Let us be specific. Governments, foundations, and education systems/institutions can and should implement open education licensing policies by requiring open licenses on the educational resources produced with their funding. Strong open licensing policies make open licensing mandatory and apply a clear definition for open license, ideally using the Creative Commons Attribution (CC BY) license that grants full reuse rights provided the original author is attributed. The good news is open education policies are happening! In June 2012, UNESCO convened a World OER Congress and released a 2012 Paris OER Declaration, which included a call for governments to ‘encourage the open licensing of educational materials produced with public funds.’ UNESCO will be convening a second World OER Congress in Slovenia in 2017 to establish a ‘normative instrument on OER.’ OECD recently released its 2015 report: ‘Open Educational Resources: A Catalyst for Innovation’ provides policy options to governments such as: ‘Regulate that all publicly funded materials should be OER by default. Alternatively, the regulation could state that new educational resources should be based on existing OER, where possible (“reuse first” principle).’
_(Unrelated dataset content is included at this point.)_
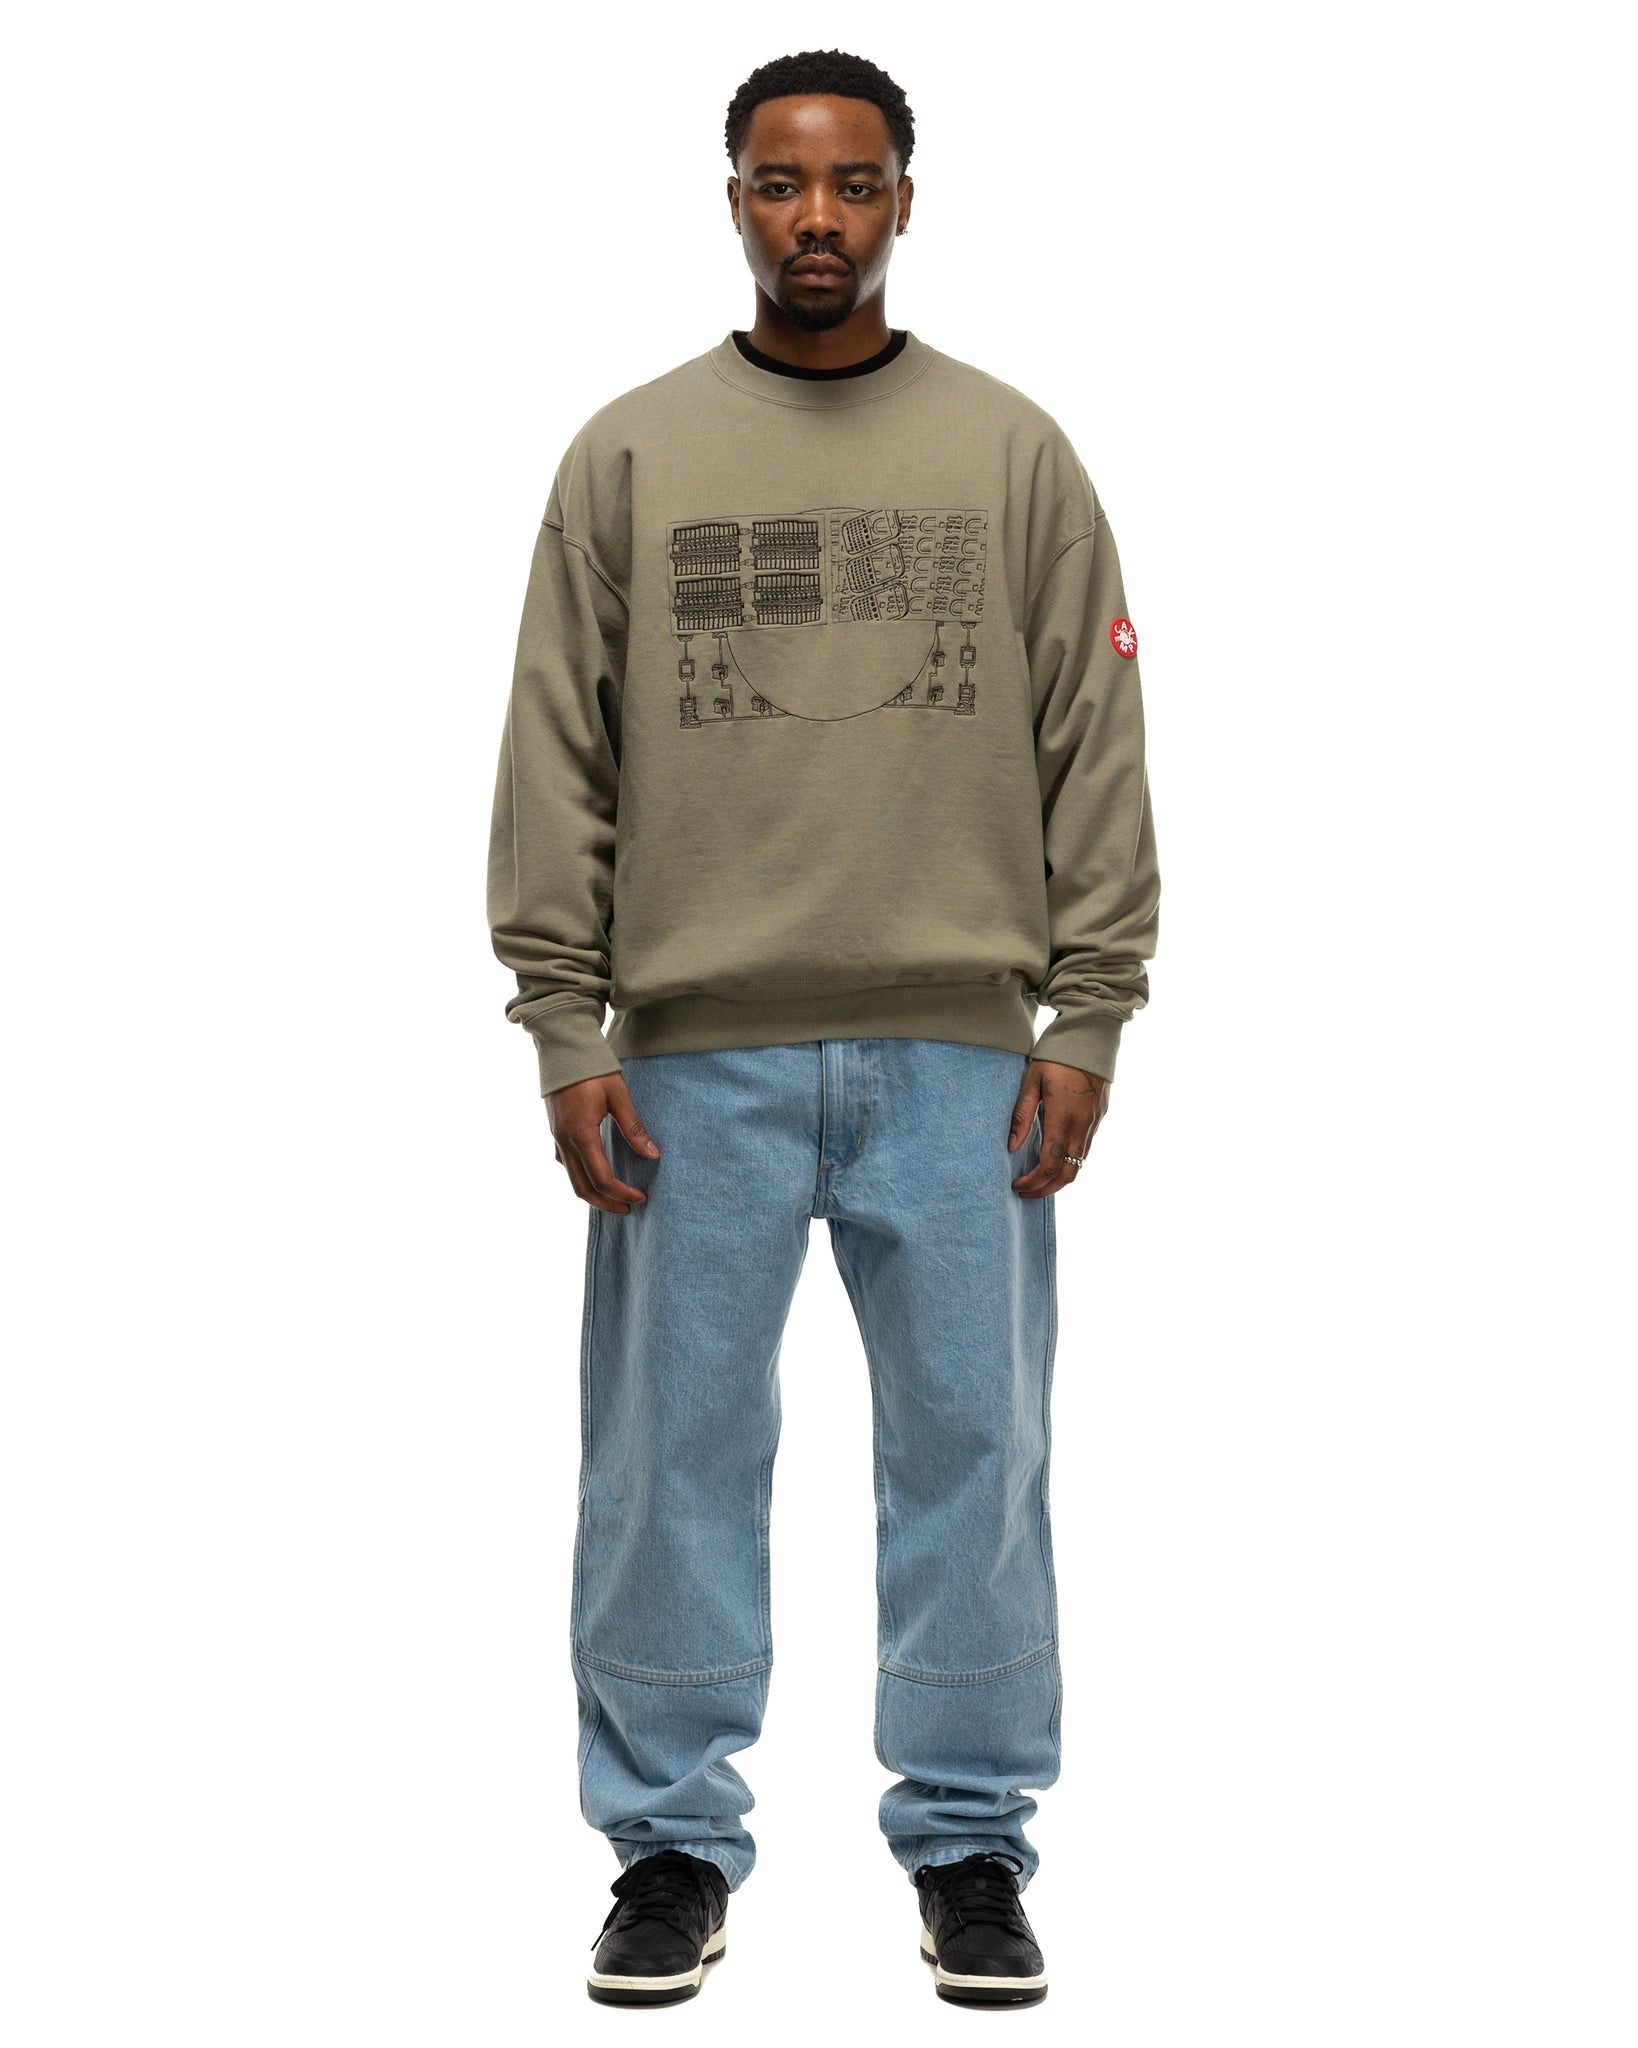 NOT IDENTICAL TO CREWNECK OLIVE - 2

As governments and foundations move to require the products of their grants and/or contracts be openly licensed, the implementation stage of these policies critical; open licensing policies should have systems in place to ensure that grantees comply with the policy, properly apply an open license to their work, and share an editable, accessible version of the OER in a public OER repository.
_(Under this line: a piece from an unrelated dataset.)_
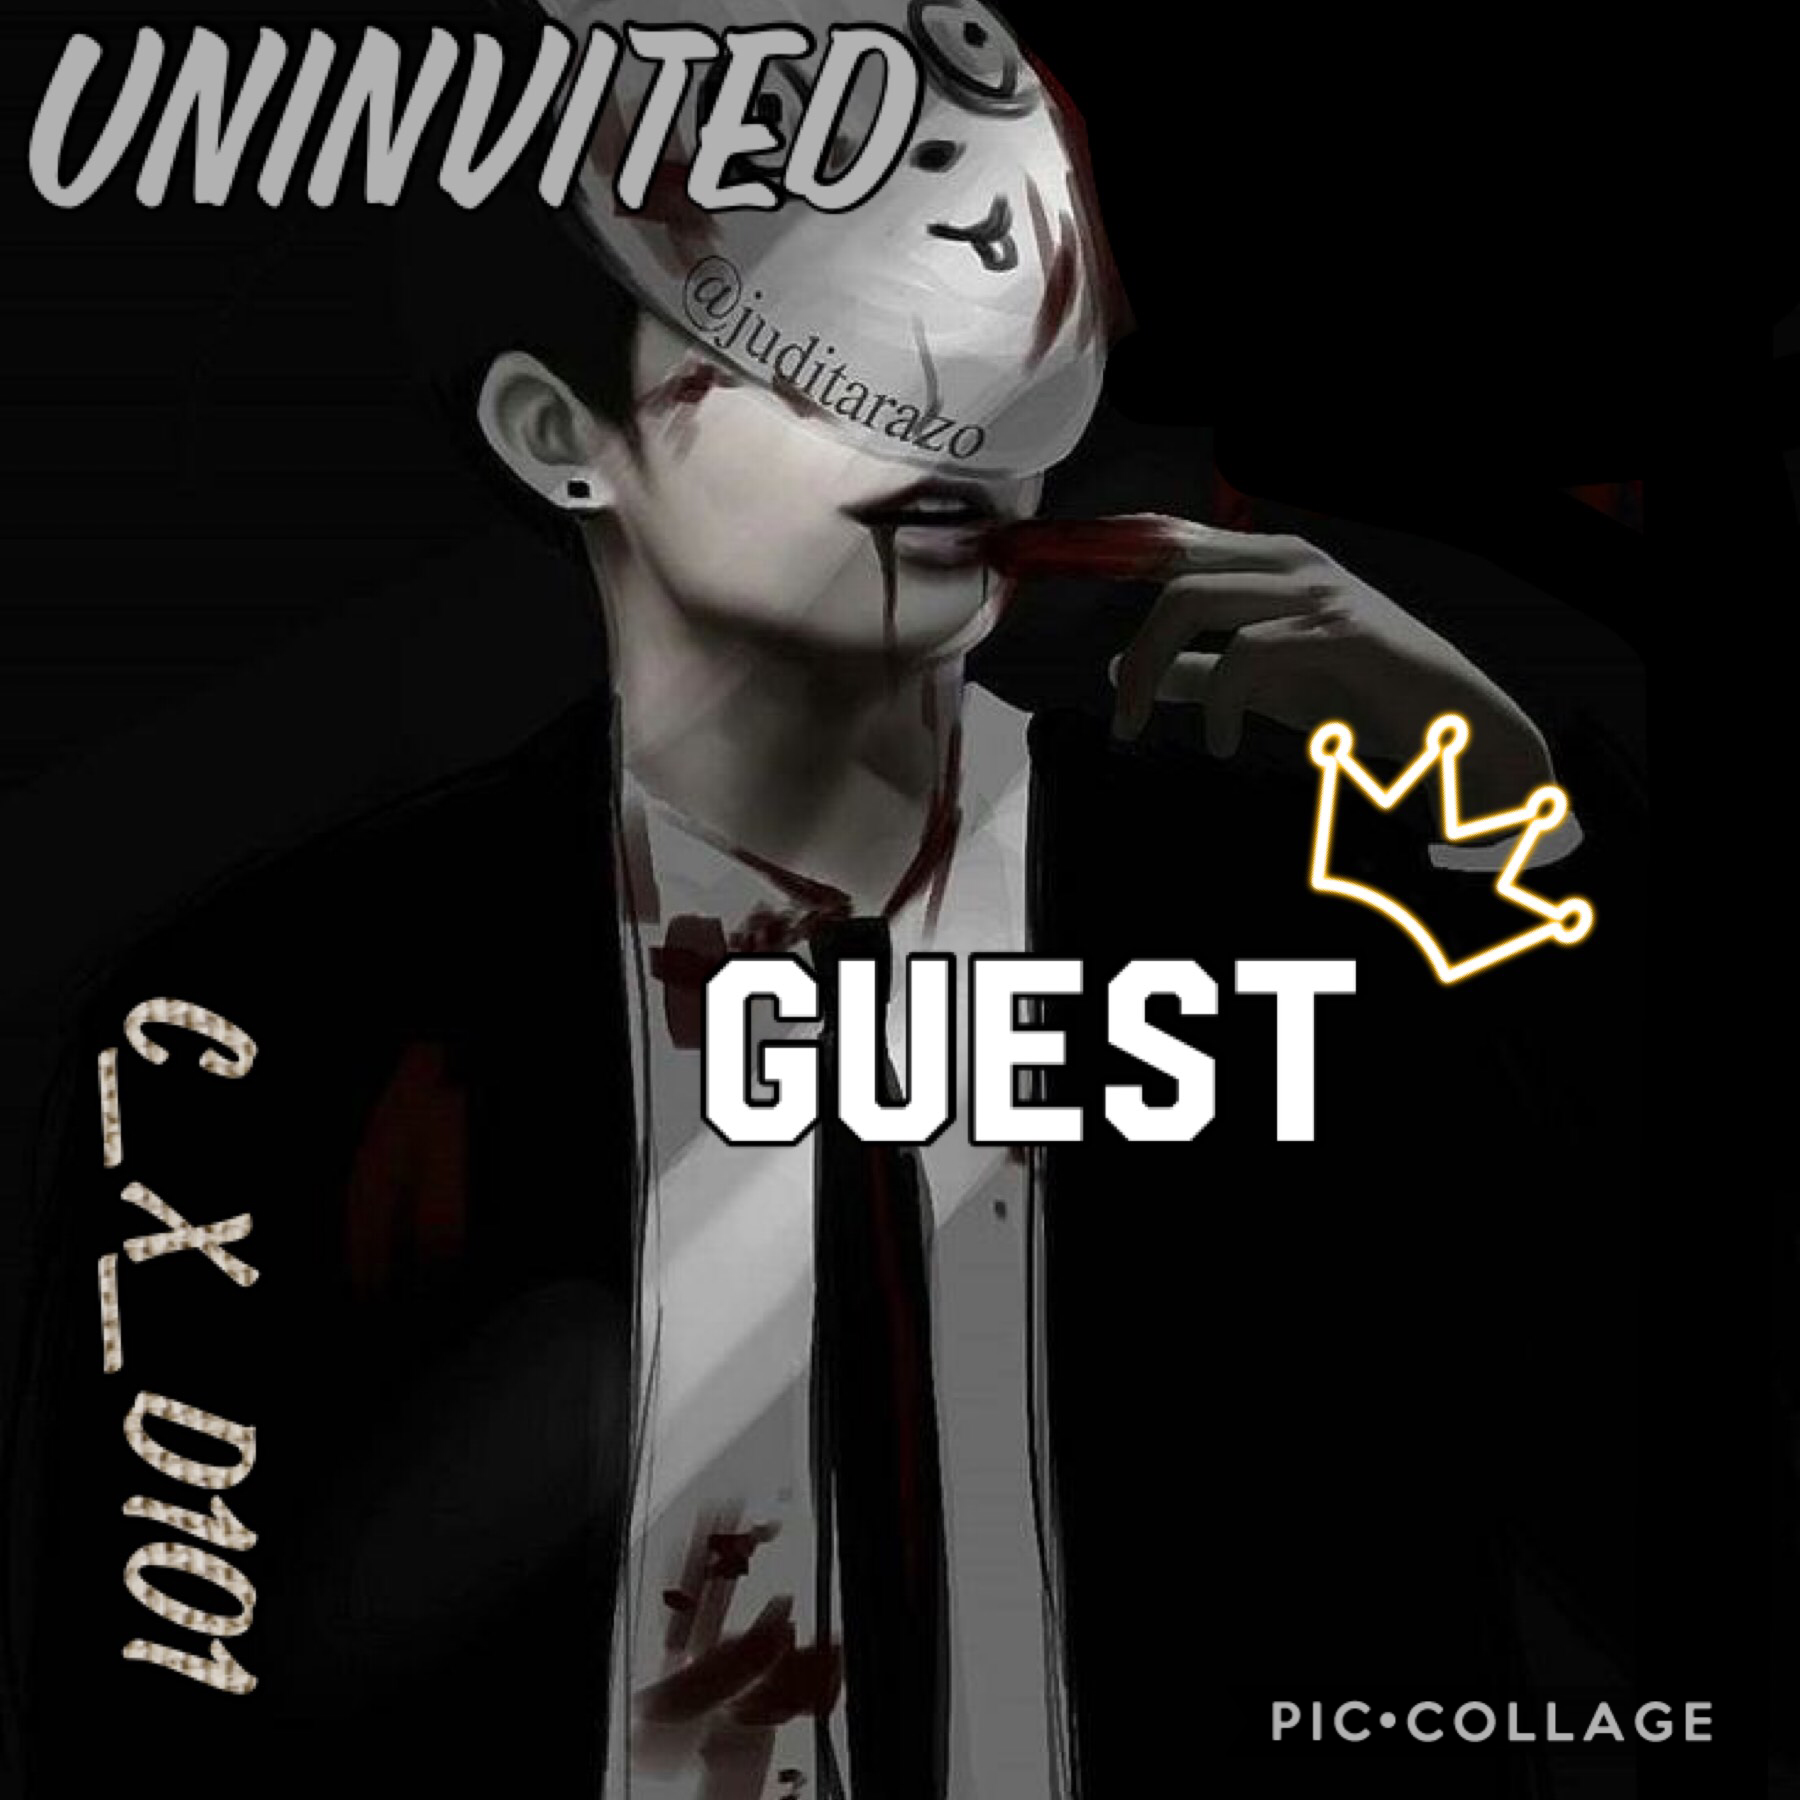 go read the first chapter of my book “uninvited guest” on wattpad @c_x_d101

A good example of an open education licensing policy done well is the US Department of Labor’s 2010 Trade Adjustment Assistance Community College and Career Training Grant Program (TAACCCT) which committed US$2 billion in federal grant funding over four years to ‘expand and improve their ability to deliver education and career training programs’ (p.1). The intellectual property section of the grant program description requires that all educational materials created with grant funding be licensed under the Creative Commons Attribution (CC BY) license, and the Department required its grantees to deposit editable copies of the CC BY OER into skillscommons.org — a public open education repository.
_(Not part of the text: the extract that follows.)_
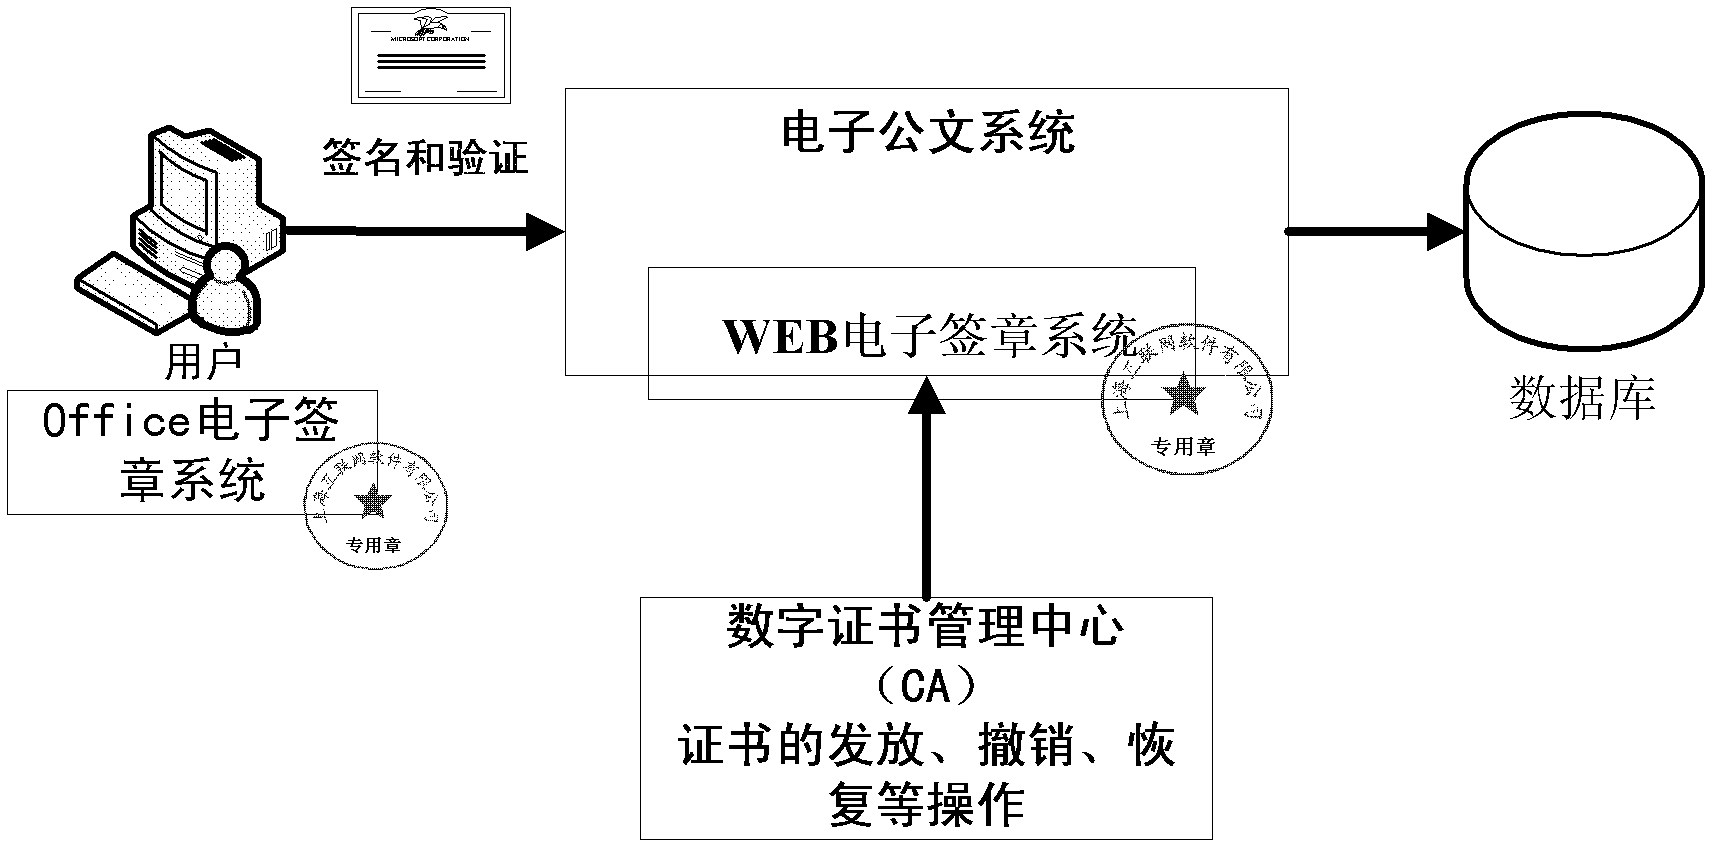 Electronic government document handling system

A number of other nations, provinces and states have also adopted or announced open education policies relating to the creation, review, remix and/or adoption of OER. The Open Policy Registry lists over 130 national, state, province, and institutional policies relating to OER, including policies like a national open licensing framework and a policy explicitly permitting public school teachers to share materials they create in the course of their employment under a CC license.

New open policy projects like the Open Policy Network and the Institute for Open Leadership are well positioned to foster the creation, adoption, and implementation of open policies and practices that advance the public good by supporting open policy advocates, organizations, and policy makers, connecting open policy opportunities with assistance, and sharing open policy information. Because the bulk of education and research funding comes from taxpayer dollars, it is essential to create, adopt and implement open education licensing policies. The traditional model of academic research publishing borders on scandalous. Every year, hundreds of billions in research and data are funded by the public through government grants, and then acquired at no cost by publishers who do not compensate a single author or peer reviewer, acquire all copyright rights, and then sell access to the publicly funded research back to the University and Colleges. In the US, the combined value of government, non-profit, and university-funded research in 2013 was over US$158 billion — about a third of all the R&D in the United States that year.

As governments move to require open licensing policies, hundreds of billions of dollars of education and research resources will be freely and legally available to the public that paid for them. Every taxpayer − in every country − has a reasonable expectation of access to educational materials and research products whose creation tax dollars supported.